The Almighty Certificate Authority

A certificate cannot certify itself. That is, by itself, a certificate cannot be trusted. Some entity has to mark the certificate as valid with a trusted seal of approval. The PKI model includes a CA, which essentially signs and validates a given certificate as being trustworthy. The CA is at the top of the PKI pyramid. The CA can be a company like VeriSign, Entrust, or Thawte who manages digital certificates for public Internet citizens. It can also be a government organization like the U.S. Postal Service, or a private company like the one you work for that wants to use certificates for employee identification purposes. Sometimes, a CA can even be an individual like you or me.

We are focusing on CAs that serve the public Internet community, even though any CA serves the same purposes. Many CAs can exist in a single country, and each can operate independently of the other. In many cases, a chain is formed where a large root CA is responsible for establishing a chain of trust between smaller CAs.

CAs have a huge responsibility. When all is said and done, anybody who uses this centralized system of X.509-based certificates is putting his trust in the CA. The CA takes all responsibility for the creating, distributing, revoking, redistributing, validating, and binding of the attributes of a certificate to a real identity. You, on the other hand, trust the CA to do a good job at it. After all, every time a certificate is used, it must be verified and validated with a CA that issued it or signed it.

Certificate Revocation List One big job the CAs have is managing the Certificate Revocation List (CRL). Because certificates can be stolen, lost, cracked, or compromised in other ways, they cannot always be trusted. Those certificates that can no longer be trusted are put into the CRL. It is your job to check the Certificate Authority's CRL when you are validating a particular certificate.

For the most part, CAs operate independently of one another. Each CA's main jobs are to manage the directory of certificates and the authentication services that are associated with them. The X.509 PKI system, which revolves around the CA (as opposed to a PKI based on something more grassroots and distributed, like PGP), actually involves three parties:

• Certificate Authority

• Subscriber

• User

The CA issues certificates to the subscribers in a way that the users can verify the certificates. A subscriber registers with a CA when he wants his own certificate. The subscriber could be a company, an individual, or some other real-world entity. Consider for a minute that Alice is the subscriber.

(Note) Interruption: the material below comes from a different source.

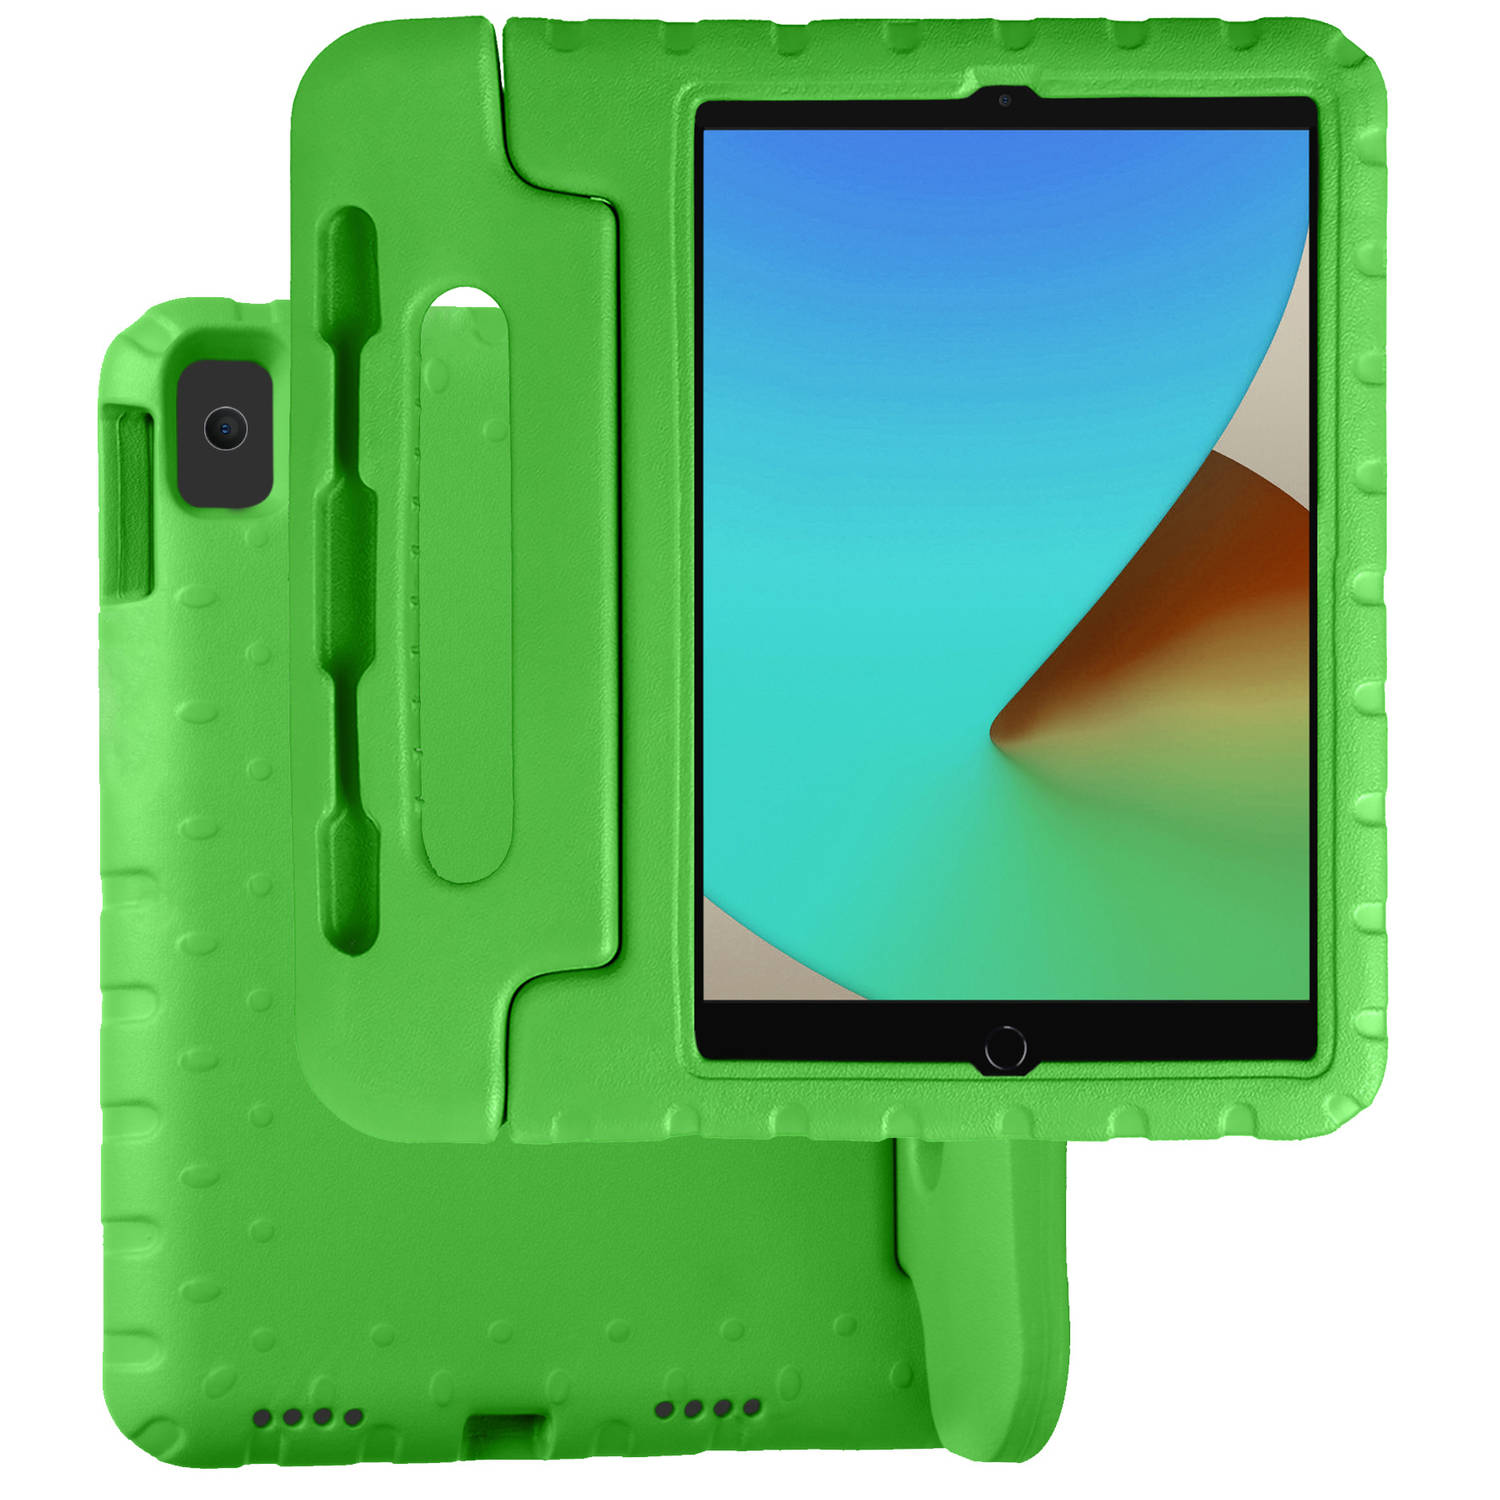 Basey iPad 10.2 2020 Hoesje Kinder Hoes Shockproof Cover - Kindvriendelijke iPad 10.2 2020 Hoes Kids Case - Groen

Alice goes to the Web site of a major CA such as VeriSign or Thawte. She registers to get a personal digital certificate that she can use for identification and secure e-mail. The CA processes her order, charges her a yearly fee, and gives her a certificate that expires in two years. As the subscriber, Alice has just created an online identity that anybody else can use to communicate with her.

Bob is a user who doesn't even own a digital certificate. Alice has given Bob her public digital certificate (as a computer file) because she intends to exchange secure e-mail with him in the future. Alice later sends an e-mail message to Bob and signs it with her digital certificate's public key. As a user, Bob queries the CA that issued Alice's certificate and public key. Because Bob's software is set up to trust the CA that issued Alice's certificate, it trusts the CA's response saying that Alice's certificate is valid. That's it. Alice sent a signed message to Bob, and Bob verified that it was authentic and valid.

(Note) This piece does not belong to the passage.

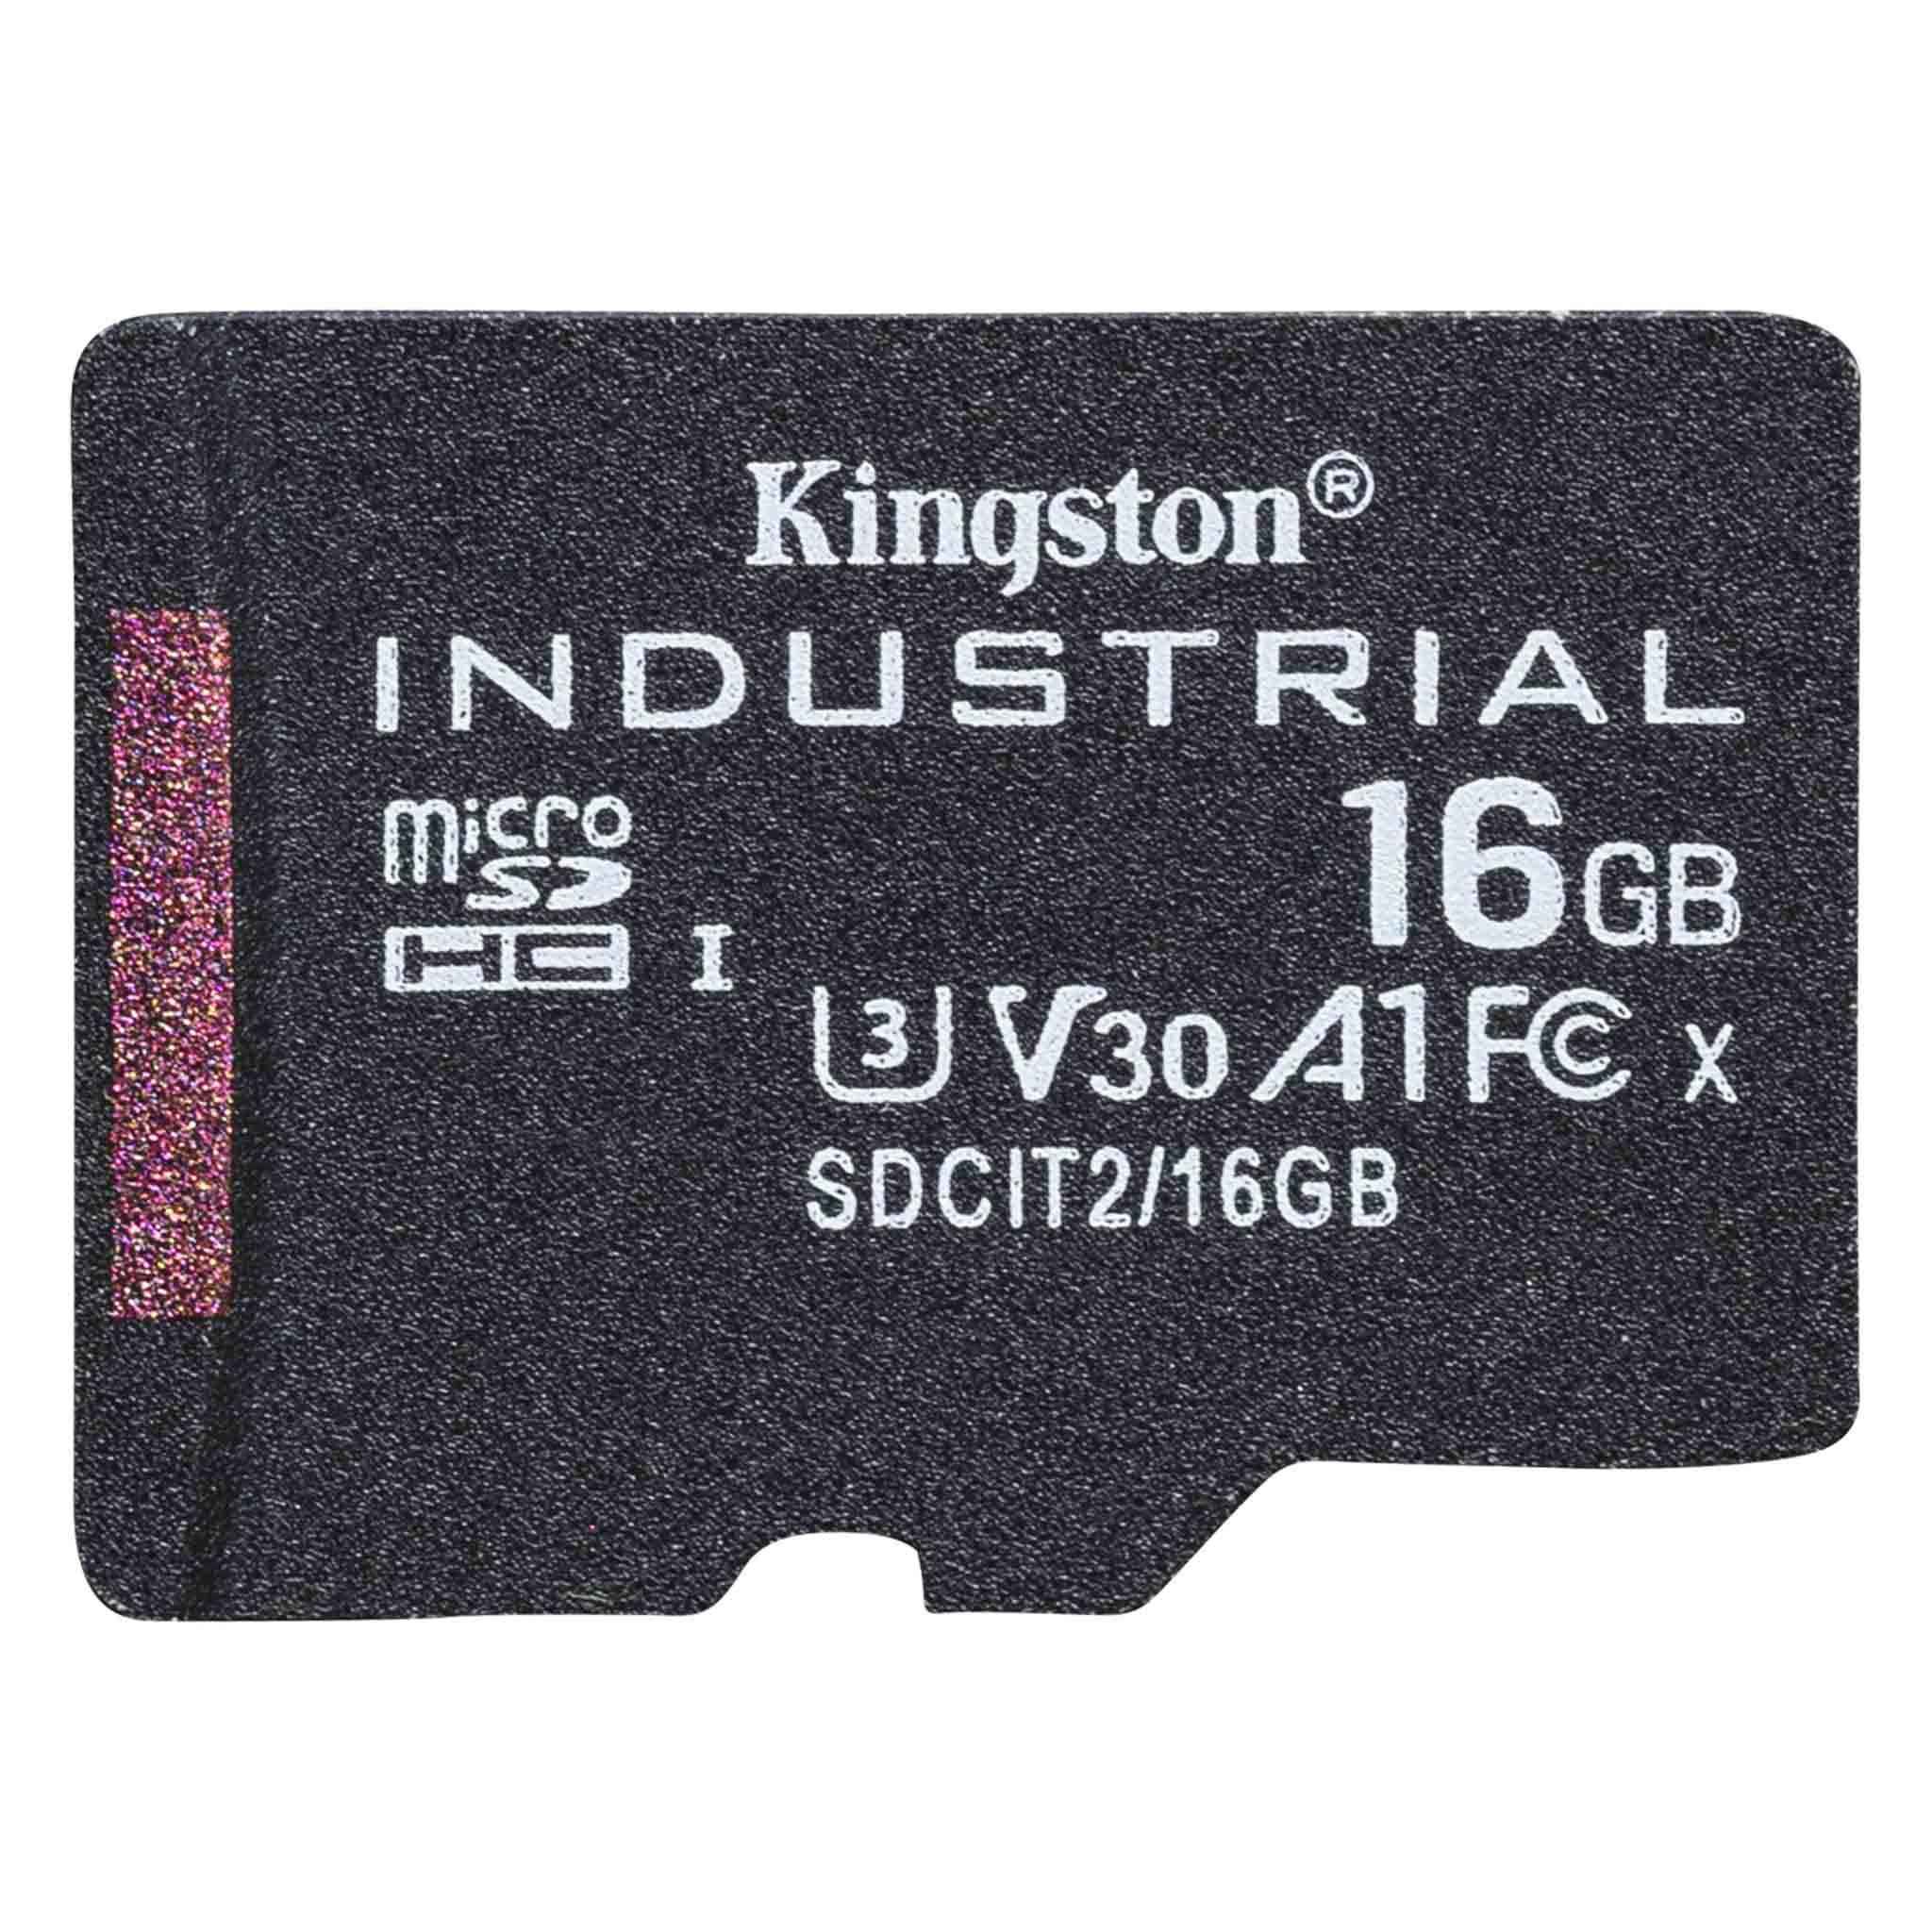 90MBs Works for Kingston Kingston Industrial Grade 8GB Motorola Delux MicroSDHC Card Verified by SanFlash.

Different Levels of Certificates

The CA will issue different levels, or classes, of certificates that indicate what role the certificate can serve. Some general-purpose roles of a certificate include the following:

• Server authentication and SSL

• Client authentication and SSL

• Secure e-mail

• Software code signing

In the case of server (running a Web site, for example) or client authentication and SSL, a digital certificate can serve multiple purposes. When you browse to an SSL-enabled Web site, that Web site gives your Web browser its digital certificate. Your browser verifies that it trusts that certificate if it is issued or signed by one of the CAs that are preinstalled into your browser. If the certificate is issued or signed by an unknown CA, your browser alerts you and asks you to make the choice of whether to accept it. If it is accepted, the server might ask your Web browser for your digital certificate. The process is similar; the server attempts to validate your certificate before continuing. When the certificates are validated, your browser and the server trust each other, having authenticated each other's identity. The next step is to use the public keys that are stored in the certificates to set up an encrypted SSL channel.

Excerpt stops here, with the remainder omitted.